The Michael Wilde regime were aware that ‘distress disposals’ – ie, selling star players – was inevitable if outside investment was not brought in to the club.

Rupert Lowe has claimed the club had money in the bank when he and his board supporters resigned in June that year.

The Wilde regime spent almost £6m in a matter of weeks bringing in new players to boost manager George Burley’s squad.

But that spree only put the club into extra debt they could not afford without fresh investment.

The Echo understands that the club’s PLC board were told on September 1 2006 that the financial situation was grim.

Chief executive Jim Hone’s report to the board made it clear investment was crucial otherwise staff redundacies were inevitable as well.

Sadly, the investment was never forthcoming and the ‘distress disposals’ duly happened.

Gareth Bale was sold in May 2007 for a downpayment of £5m to Spurs while Chris Baird and Kenywne Jones went for around £9m a few months later.

Hone’s report to the PLC board stated: “The company is presently being directed and controlled on the basis of:- ● Faith in assurances* given to the board that a ‘substantial’ level of new funding will be raised and made available to the company in the early course of the current financial year.

* Such assurances have been given by certain SLH Plc directors who have intimated to the board that they are ready and willing to commit monies to the company and/or reported to the board that they are in dialogue with external parties who are ready and willing to commit monies to the company.

● Hope that the club will win promotion into the FA Premier League (FAPL) during the course of this season.

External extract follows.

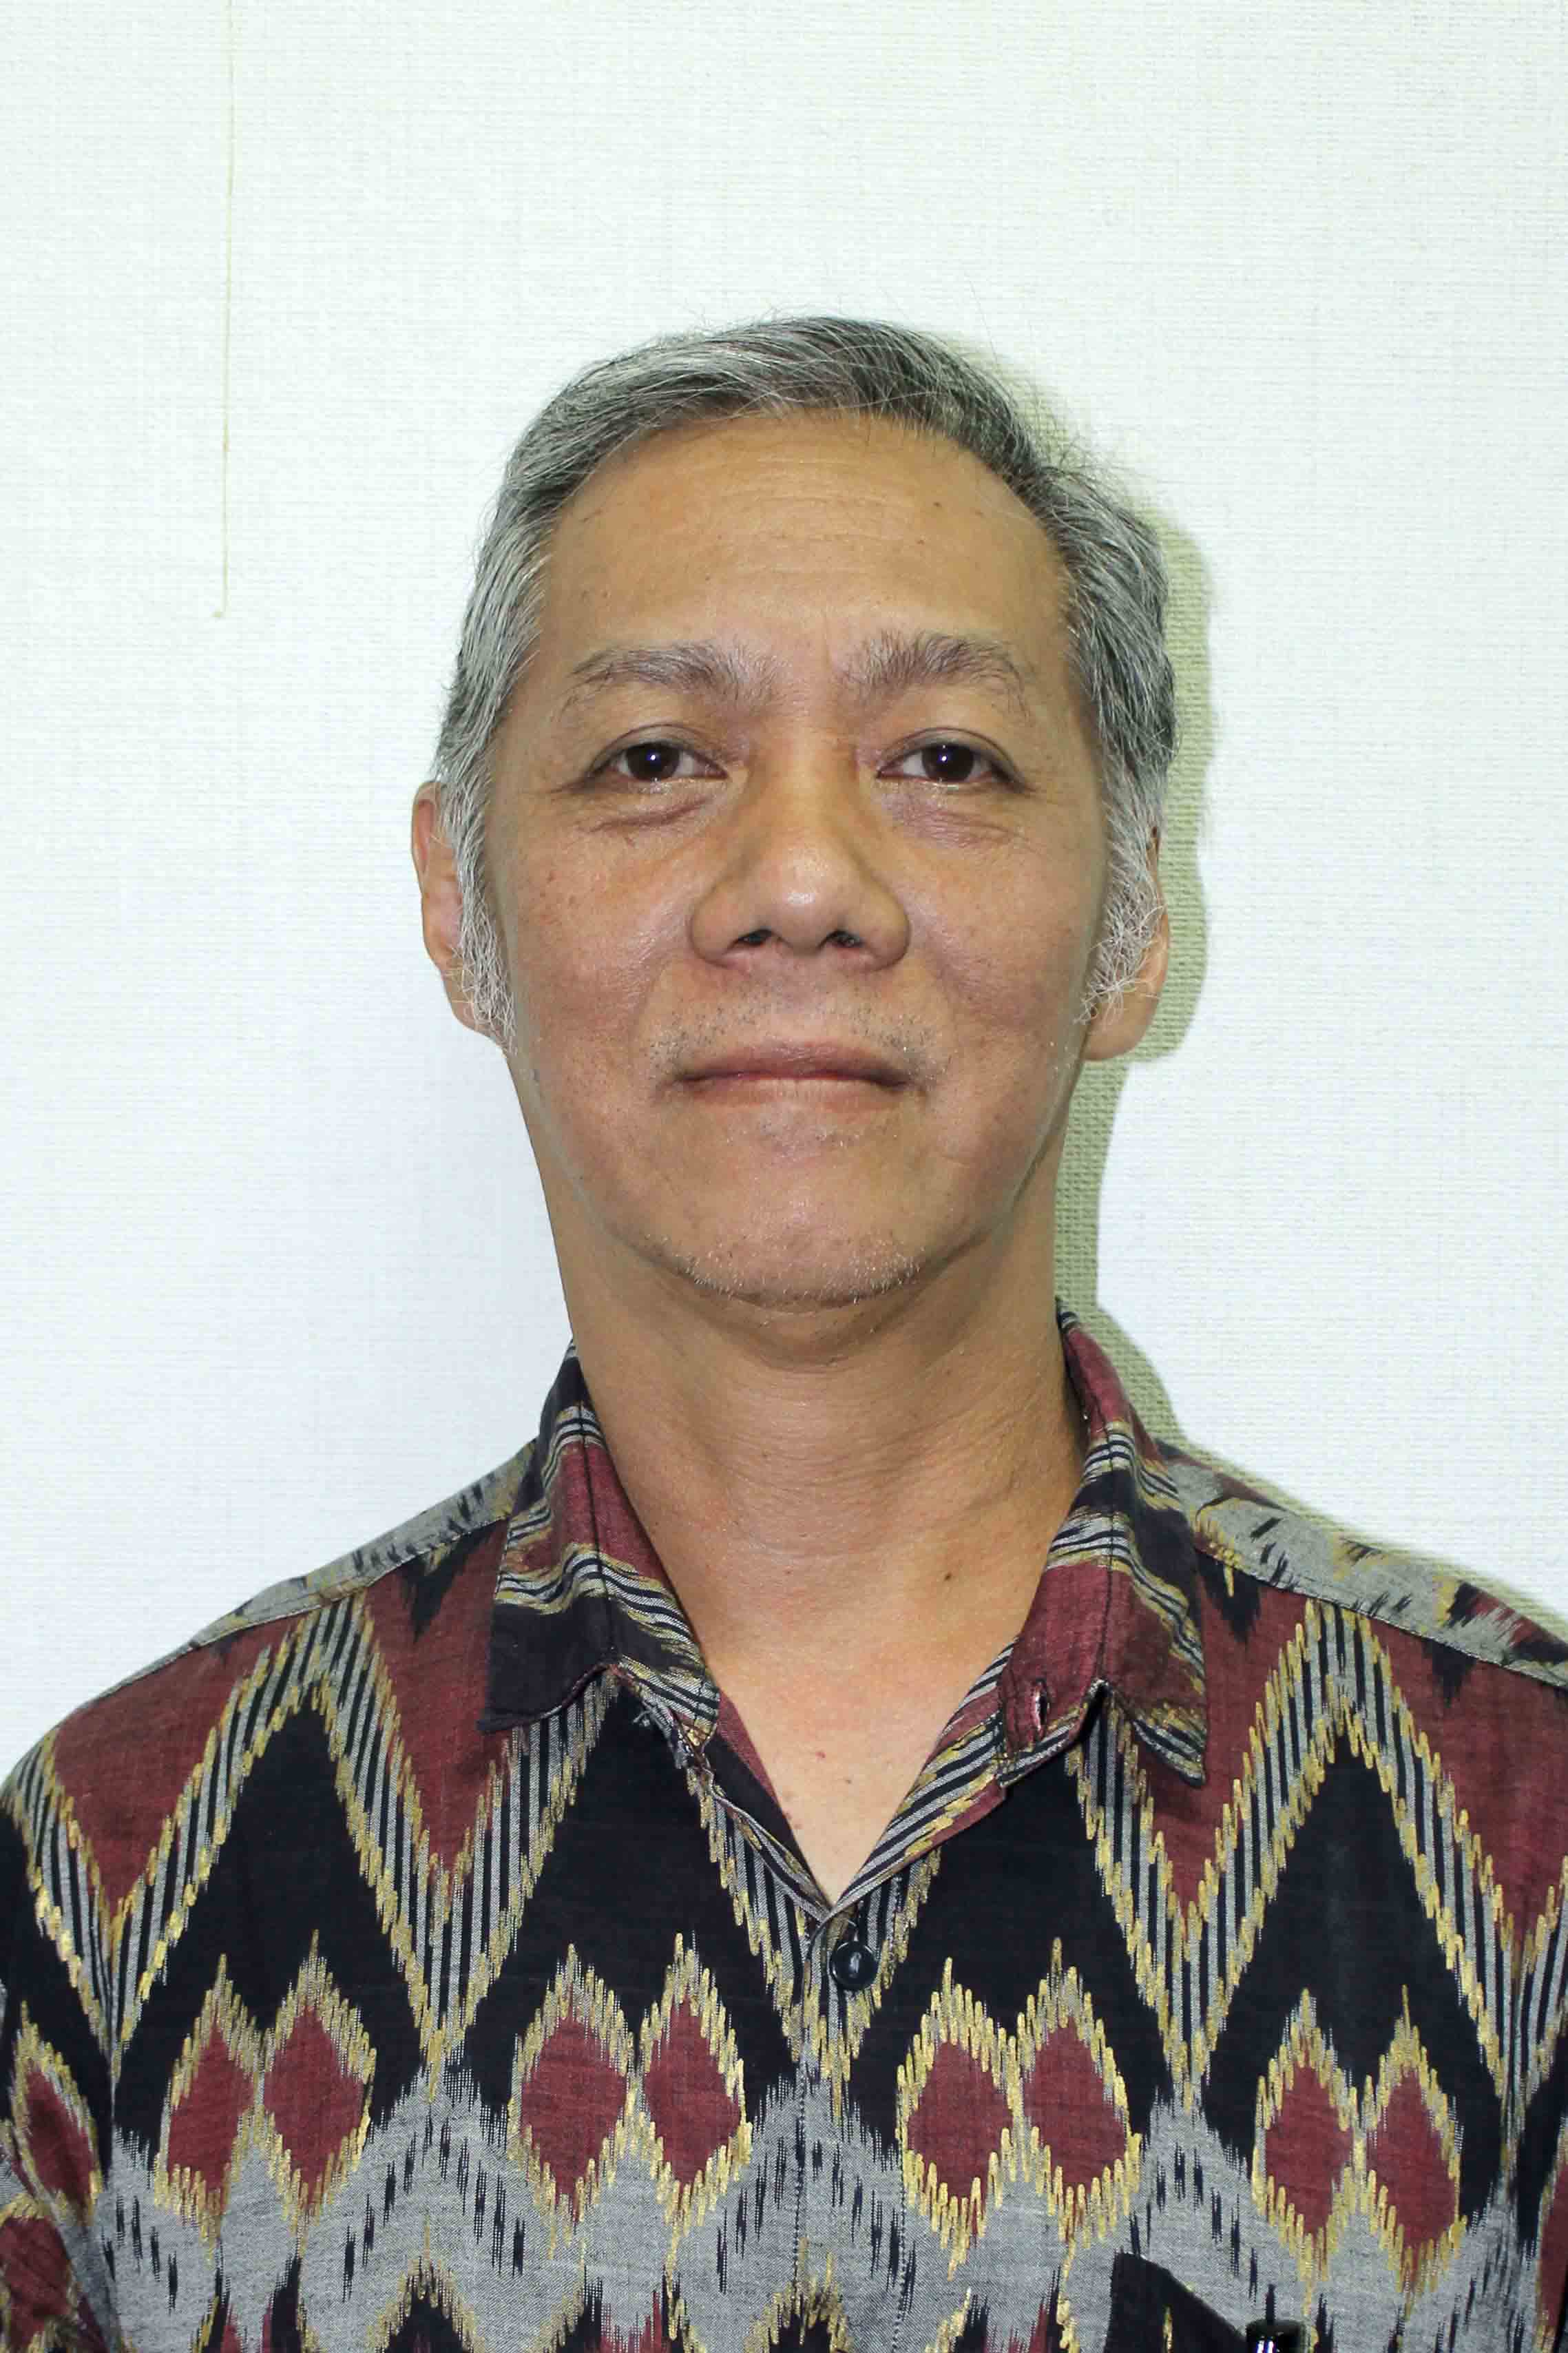 prof-djoko-t-iskandar-menjadi-saksi-keanekaragaman-indonesia

‘In the event that substantial new funding does not materialise by May 2007 then (in the absence of a commensurate increase in the Company’s borrowing capacity), failure to win promotion into the FAPL will necessitate ‘distress disposals’ of valuable player assets for sums below true market value together with a massive reduction in labour and overhead costs, largely facilitated by staff redundancies.

‘In view of the directors’ obligations to shareholders and other stakeholders, it is not a practical proposition for the board to continue to direct and control the operations of the business on the basis described above.”

Michael Wilde was initially responsible for bringing in the much needed new investment.

Though Wilde had never publicly promised to bring in such investment, there were certainly heavy hints that he would be.

And the executive directors – Jim Hone, Lee Hoos and Ken Dulieu – would never have accepted jobs at St Mary’s if they had known Wilde would not be bringing in any investment.

There was increasing discontent among the executive directors as the months passed without any sign of investment.

Non executive directors such as Leon Crouch were also furious that no investment was forthcoming.

The end result was Wilde being voted off the PLC board in February 2007 and Hone and PLC chairman Ken Dulieu taking over the search for new investment.